Lewallen also takes issue with the way the reserves were researched and defined using funds raised in part through private entities—a claim Wiseman also refuted.
When the MLPA was signed into law in 1999, there were no funds to support it. The act subsequently floundered until 2004, when the Department of Fish and Game approached the nonprofit Resources Legacy Fund Foundation, which receives money from the Packard Foundation, for assistance.
“This is like a college putting money up for cancer research,” Wiseman said. “The state cannot fund this entirely, so $20 million was put up in part by private groups in order to ensure that all voices were heard, including the fisherman that are now suing us.”
This is the second lawsuit to challenge the legitimacy of the MLPA. In May 2010, Fletcher filed suit against the Blue Ribbon Task Force for failing to respond to a Public Records Act request to make its records available to the public on the ground that it was not a state agency. In October, the California Superior Court ruled that the task force and its scientific advisory team are state agencies and are therefore compelled by the Public Records Act to share any information previously withheld from public view.

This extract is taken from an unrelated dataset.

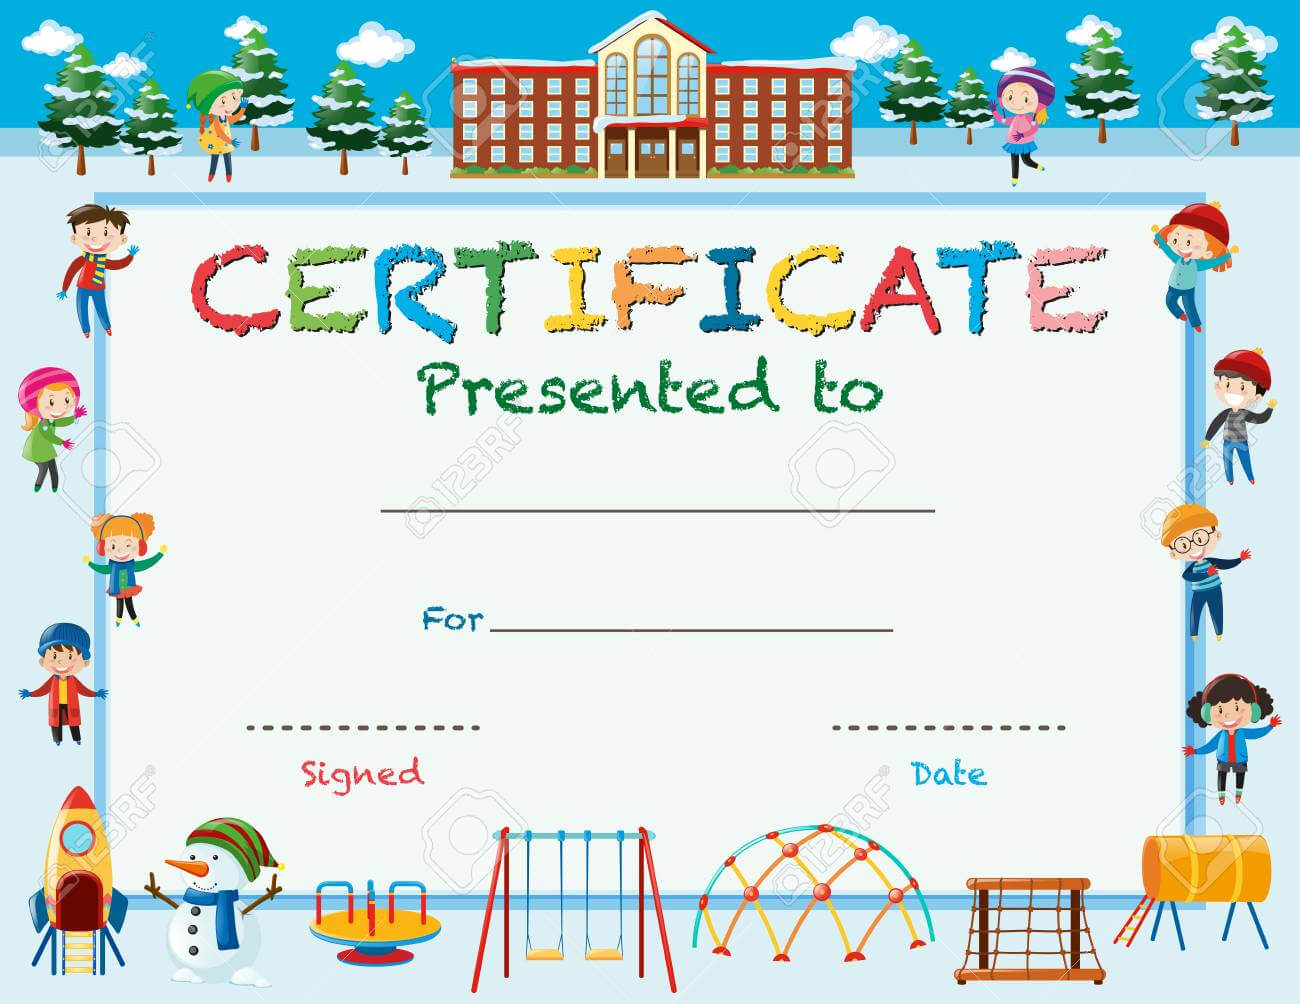 Certificate Template With Kids In Winter At School Illustration For School Certificate Templates Free

Why the North Central region is now being examined at all in a suit brought forth by sport fishermen in Southern California is unclear. Wiseman said the plaintiffs needed a region with restrictions already in place in order to bring it before the court. Lewallen contended it was included through their “grace and loving spirit and nature.”
Sheree Christensan, a lieutenant with the Fish and Game Commission, said local enforcement has thus far been limited because information about the regulations is still being diseminated. “If we find someone in violation we usually just write a warning now,” she said, adding that she expects that will change when her agency feels the public has become adequately aware of the restrictions.
“We think we’ve done something that is really revolutionary for the state,” Wiseman said. “The fact is that [the plaintiffs] don’t like it is because they don’t want the result.”